Here I can tell there’s a problem with this specific page type. More
than 50% of the crawl on that page type if producing a 410. That’s
probably not a good use of crawl budget.
All of this is done by parsing or ‘
grepping‘ log files (a line by line history of visits to the site) looking for Googlebot. Here’s a secret. It’s not
that hard, particularly if you’re even half-way decent with Regular Expressions.
I won’t go into details (this post is long enough as it is) but you can check out posts by
Ian Lurie and
Craig Bradford for more on how to grep log files.
In the end I’m interested in looking at the crawl by page type and response code.

You determine page type using RegEx. That sounds mysterious but all
you’re doing is bucketing page types based on pattern matching.
I want to know where Googlebot is spending time on my site. As
Mike King
said, Googlebot is always your last persona. So tracking Googlebot is
just another form of user experience monitoring. (Referencing it like
this might help you get this project prioritized.)
You can also drop the crawl data into a database so you can query
things like time since last crawl, total crawl versus unique crawl or
crawls per page. Of course you could also give seoClarity a try since
they’ve got a lot of this stuff right out of the box.
If you’re not tracking Googlebot then you’re missing out on the first part of the SEO process.
You Are What Googlebot Eats

What you begin to understand is that you’re assessed based on what
Googlebot crawls. So if they’re crawling a whole bunch of parameter
based, duplicative URLs or you’ve left the email-a-friend link open to
be crawled on every single product, you’re giving Googlebot a bunch of
empty calories.
It’s not that Google will penalize you, it’s
the opportunity cost for dirty architecture based on a finite crawl budget.
The crawl spent on junk could have been spent crawling low PageRank
pages instead. So managing your URL Parameters and using robots.txt
wisely can make a
big difference.
Many large sites will also have robust
external link graphs.
I can leverage those external links, rely less on internal link density
to rank well, and can focus my internal link structure to ensure low
PageRank pages get crawled more frequently.
There’s no patent right or wrong answer. Every site will be different. But experimenting with your internal link strategies and
measuring the results is what separates the great from the good.
Crawl Optimization Checklist
Here’s a quick crawl optimization checklist to get you started.

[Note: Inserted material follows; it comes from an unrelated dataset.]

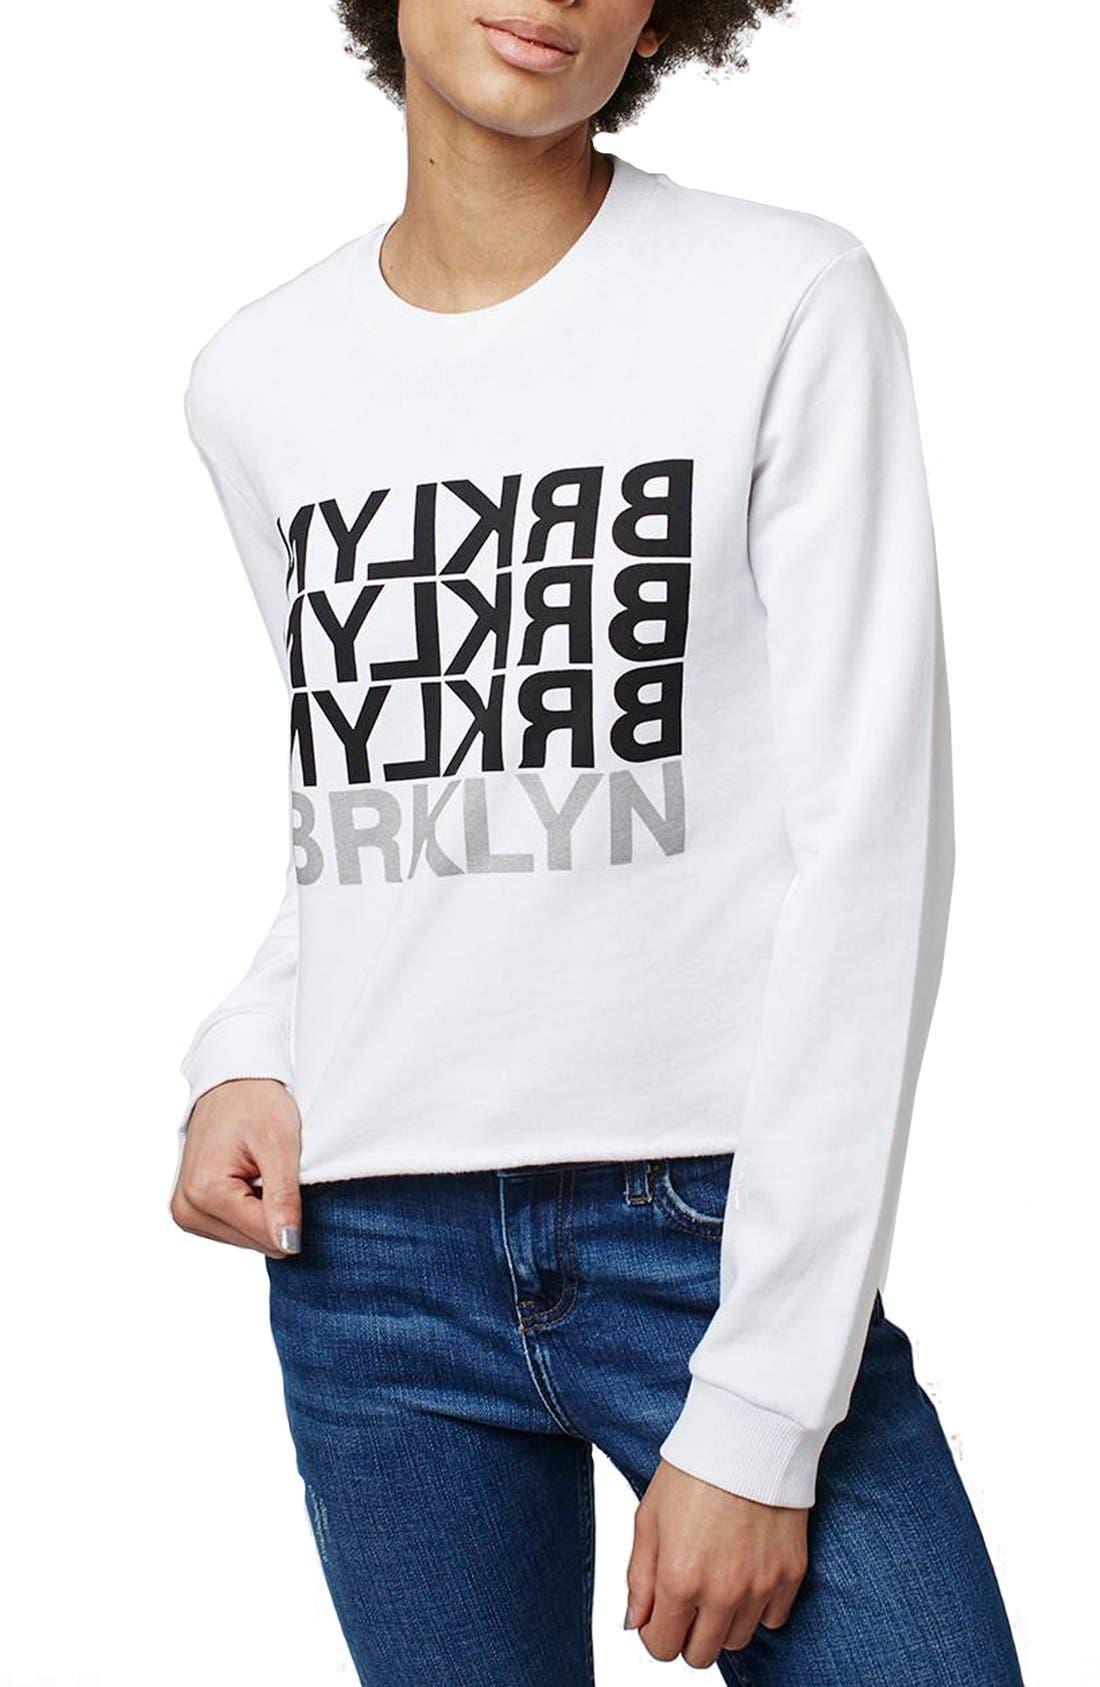 Main Image - Topshop 'Brklyn' Graphic Sweatshirt

Track and Monitor Googlebot
I don’t care how you do it but you need this type of visibility to make
any
inroads into crawl optimization. Information is power. Learn to grep,
perfect your RegEx. Be a collaborative partner with your technical team
to turn this into an automated daily process.
Manage URL Parameters
Yes, it’s confusing. You will probably make some mistakes. But that
shouldn’t stop you from using this feature and changing Googlebot’s
diet.
Use Robots.txt Wisely
Stop feeding Googlebot empty calories. Use robots.txt to keep Googlebot focused and remember to make use of pattern matching.

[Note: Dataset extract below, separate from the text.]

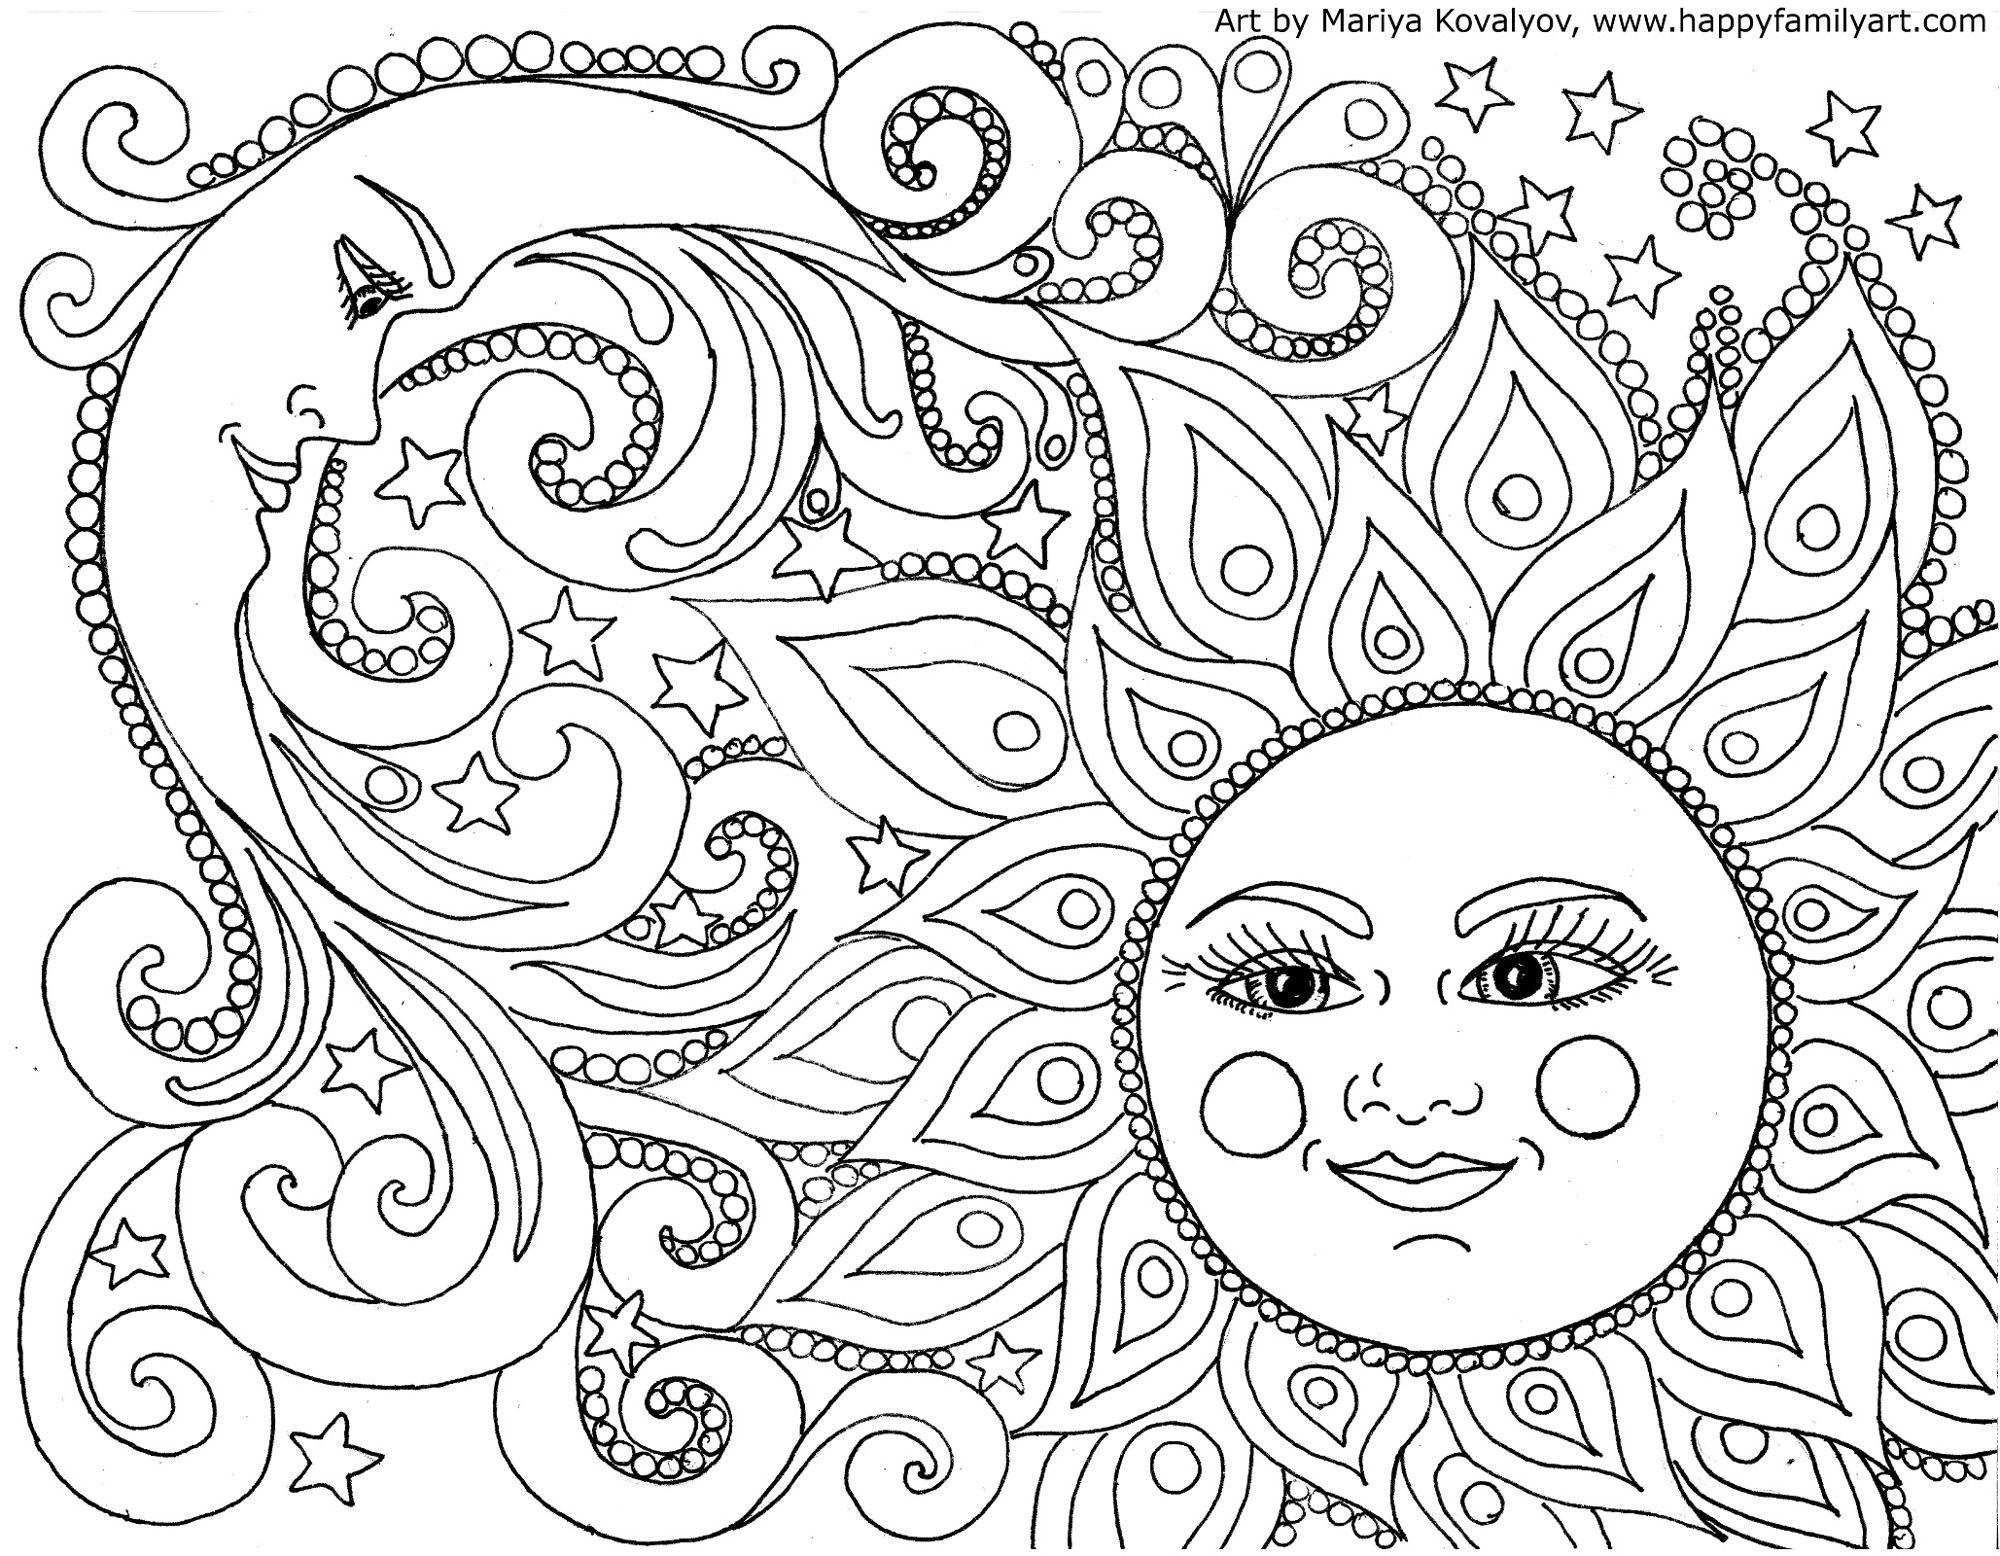 Original and fun coloring pages riscos colorir e para colorir

Don’t Forget HTML Sitemap(s)
Seriously. I know human users might not be using these, but
Googlebot is a different type of user with slightly different needs.
Optimize Your Internal Link Structure
Whether you try depagination to flatten your architecture,
re-evaluate navigation menus, or play around with crosslink modules,
find ways to optimize your internal link structure to get those low
PageRank pages crawled more frequently.